Instructions for the task: Would you copy the records exactly, leaving the pictures out?

Supplied information:
▽
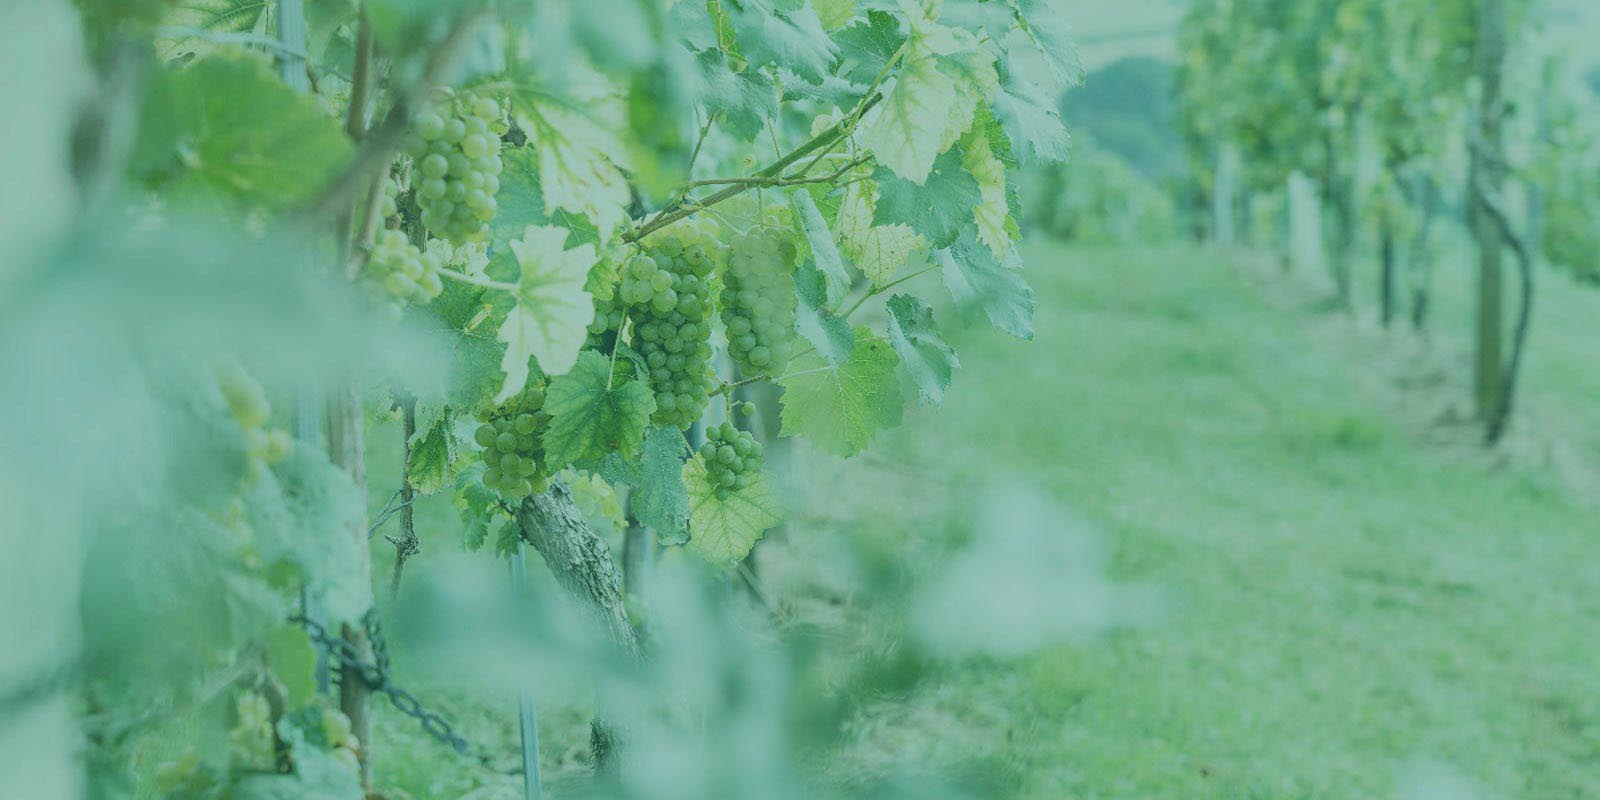 Trauben im Weingarten
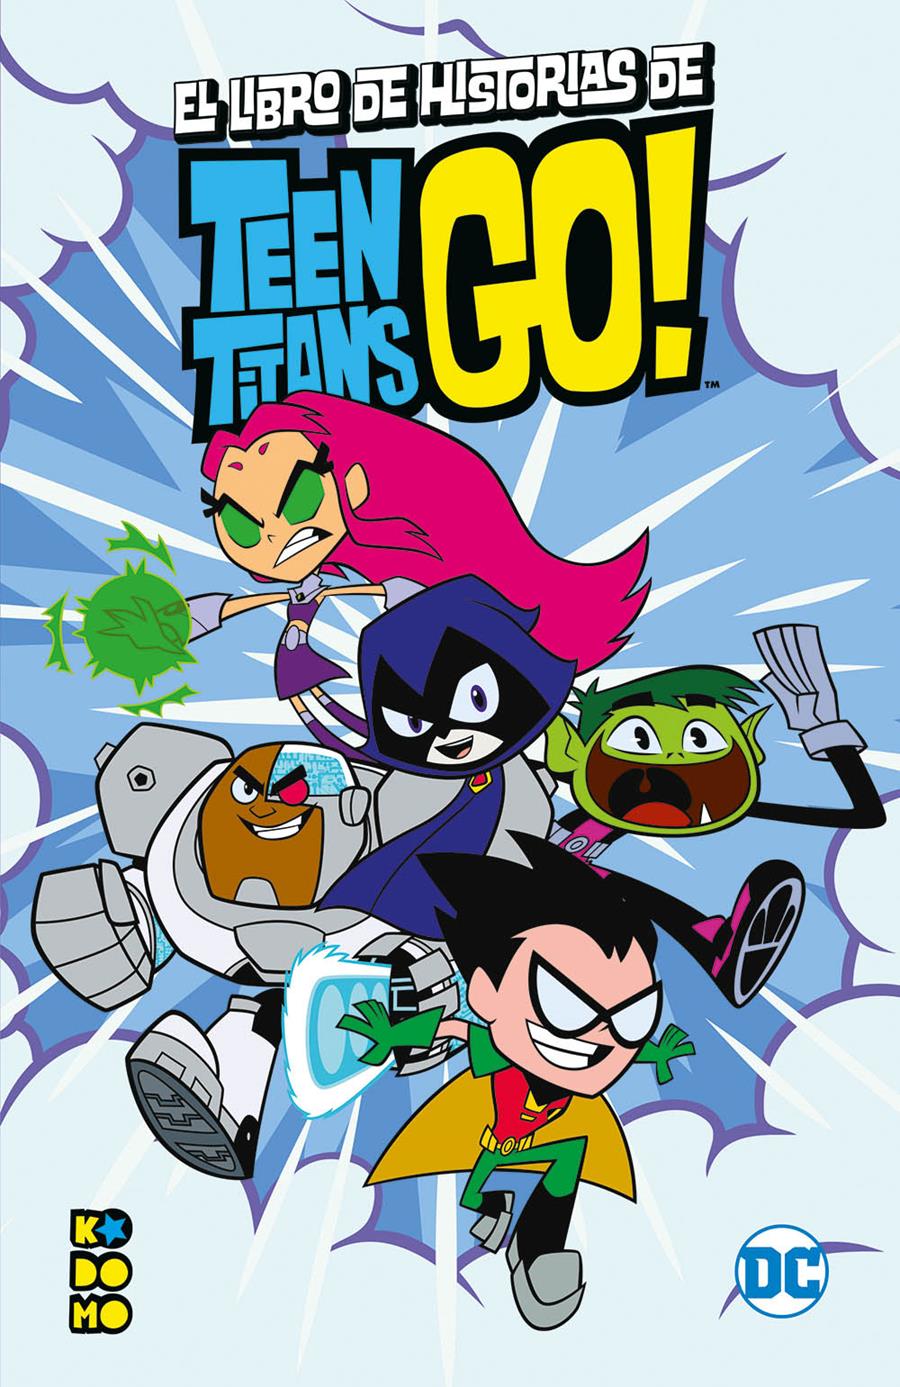 El libro de historias de los Teen Titans Go! | N0721-ECC40 | H. Caldwell Tanner / Jennifer Fox / Lucy Rosen / Magnolia Belle | Terra de Còmic - Tu tienda de cómics online especializada en cómics, manga y merchandising
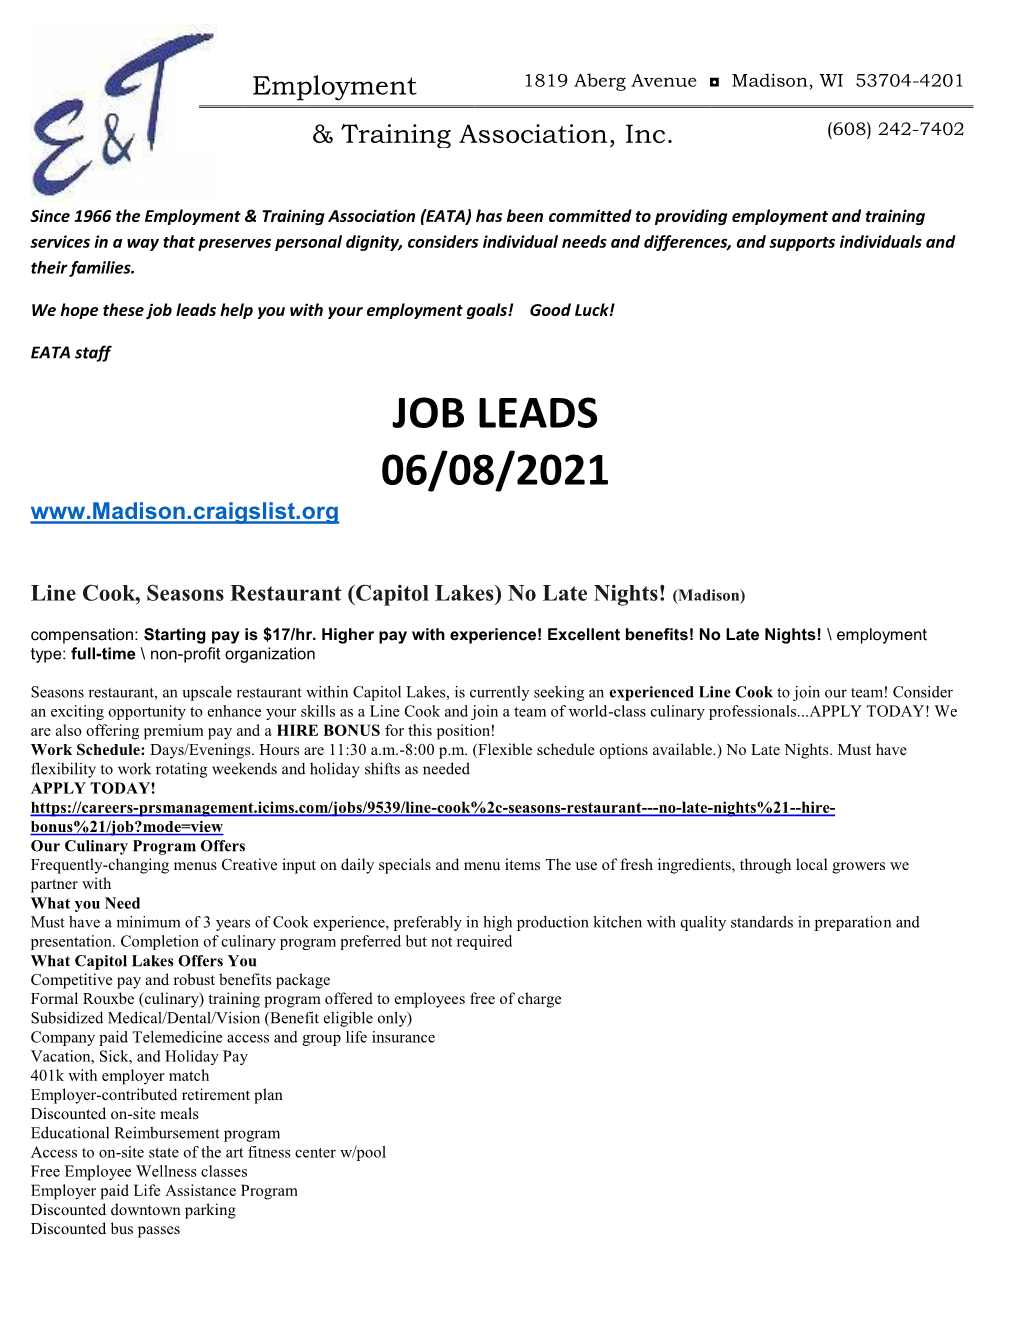 Job Leads 06/08/2021
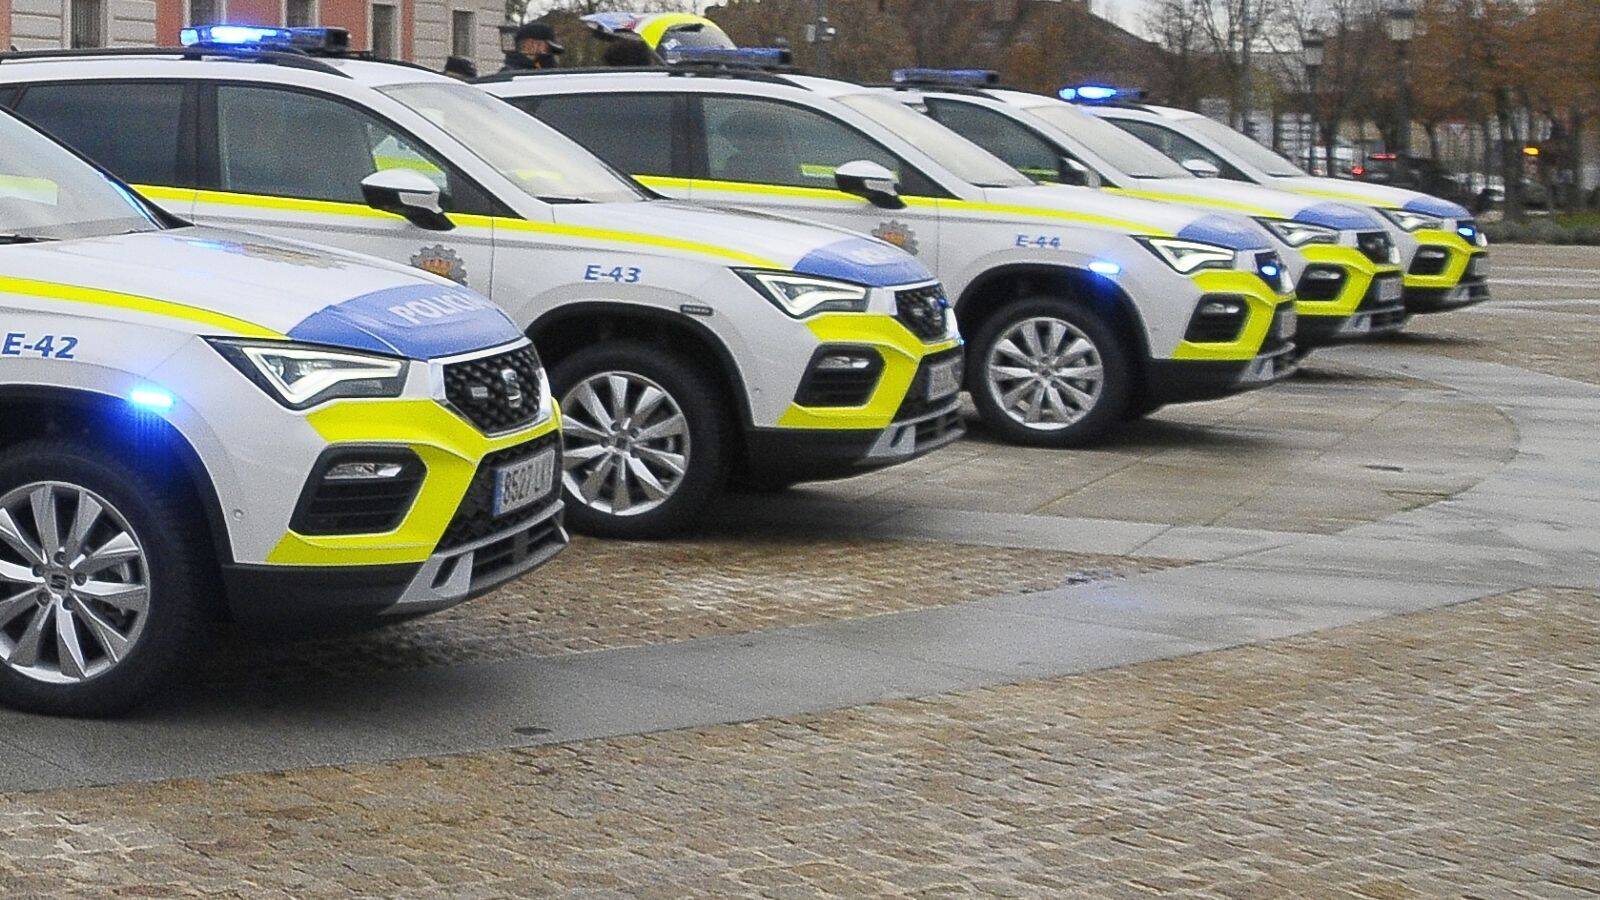 VOX Boadilla propone instalar desfibriladores en todos los coches de la policía local
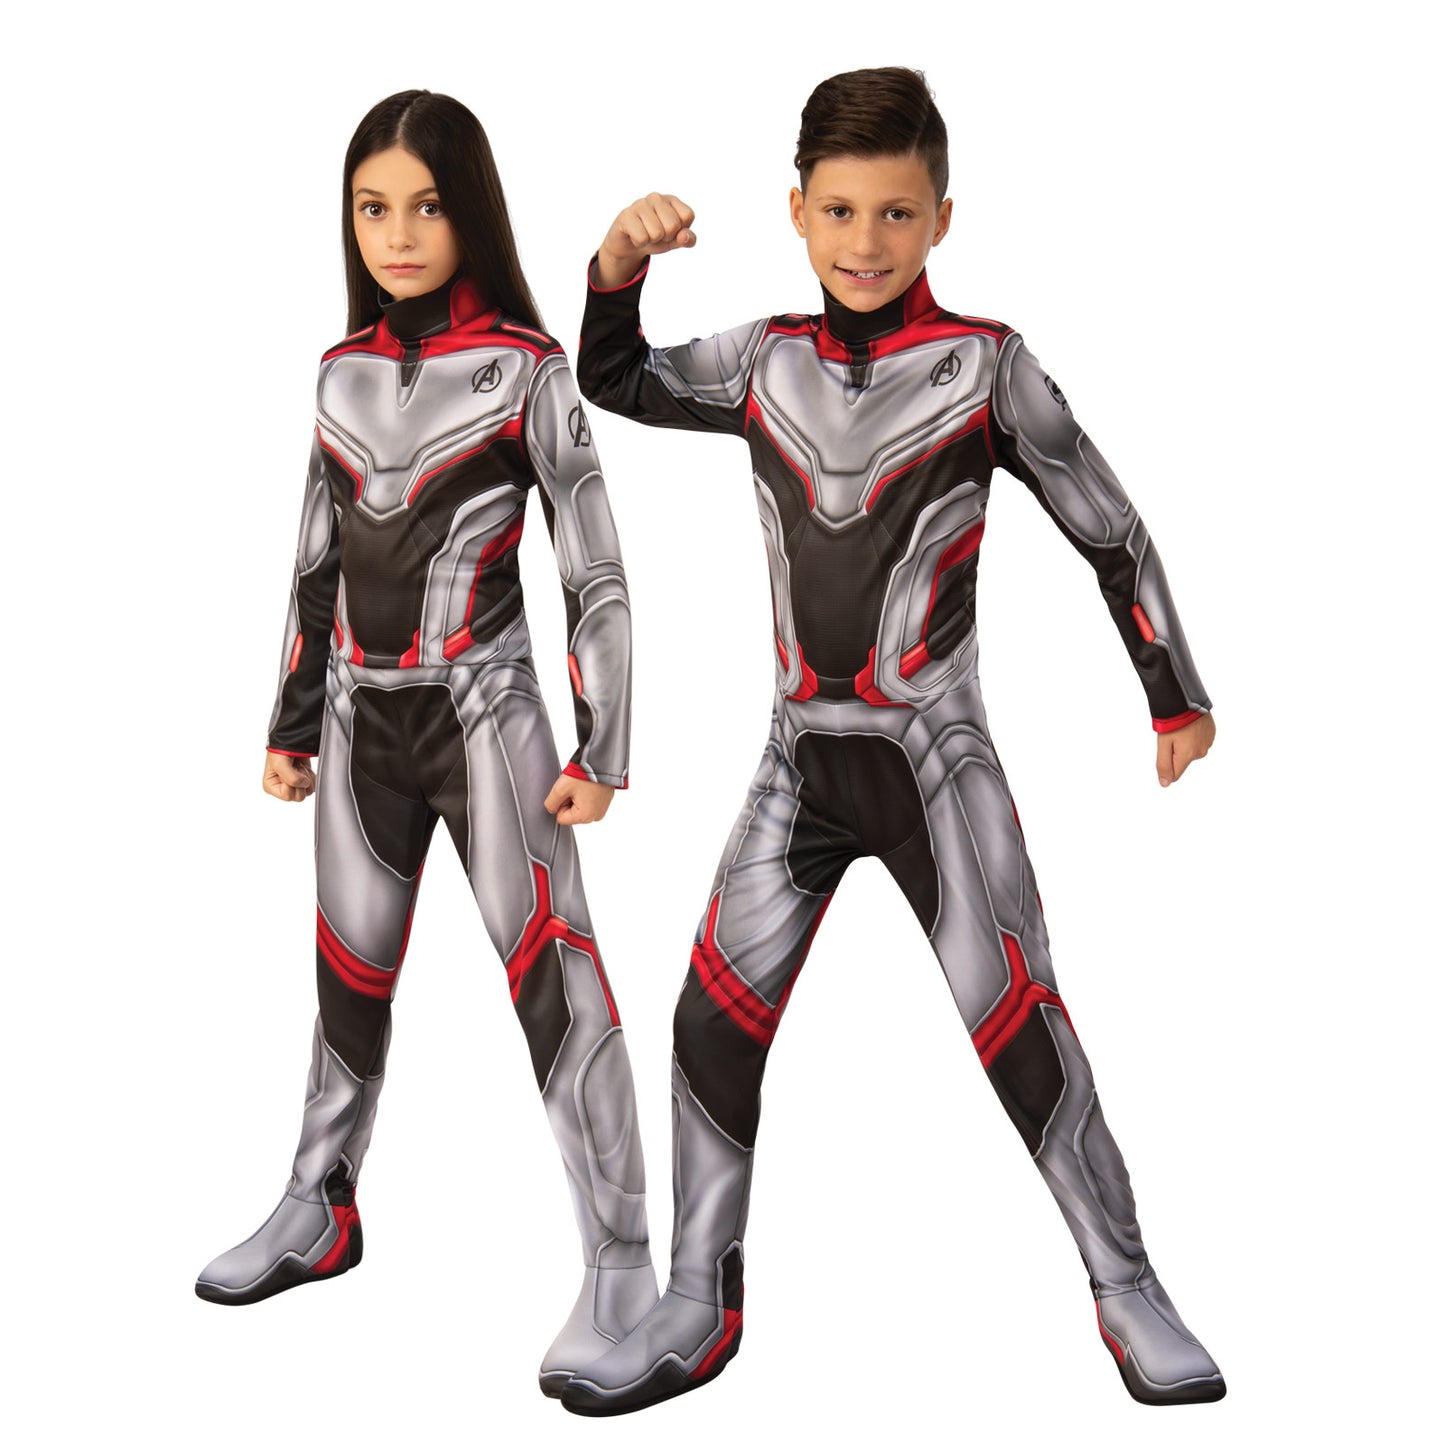 Avengers 4 Classic Unisex Team Child Costume Suit Licensed
△
Output of the exercise:
 Trauben im Weingarten
 El libro de historias de los Teen Titans Go! | N0721-ECC40 | H. Caldwell Tanner / Jennifer Fox / Lucy Rosen / Magnolia Belle | Terra de Còmic - Tu tienda de cómics online especializada en cómics, manga y merchandising
 Job Leads 06/08/2021
 VOX Boadilla propone instalar desfibriladores en todos los coches de la policía local
 Avengers 4 Classic Unisex Team Child Costume Suit Licensed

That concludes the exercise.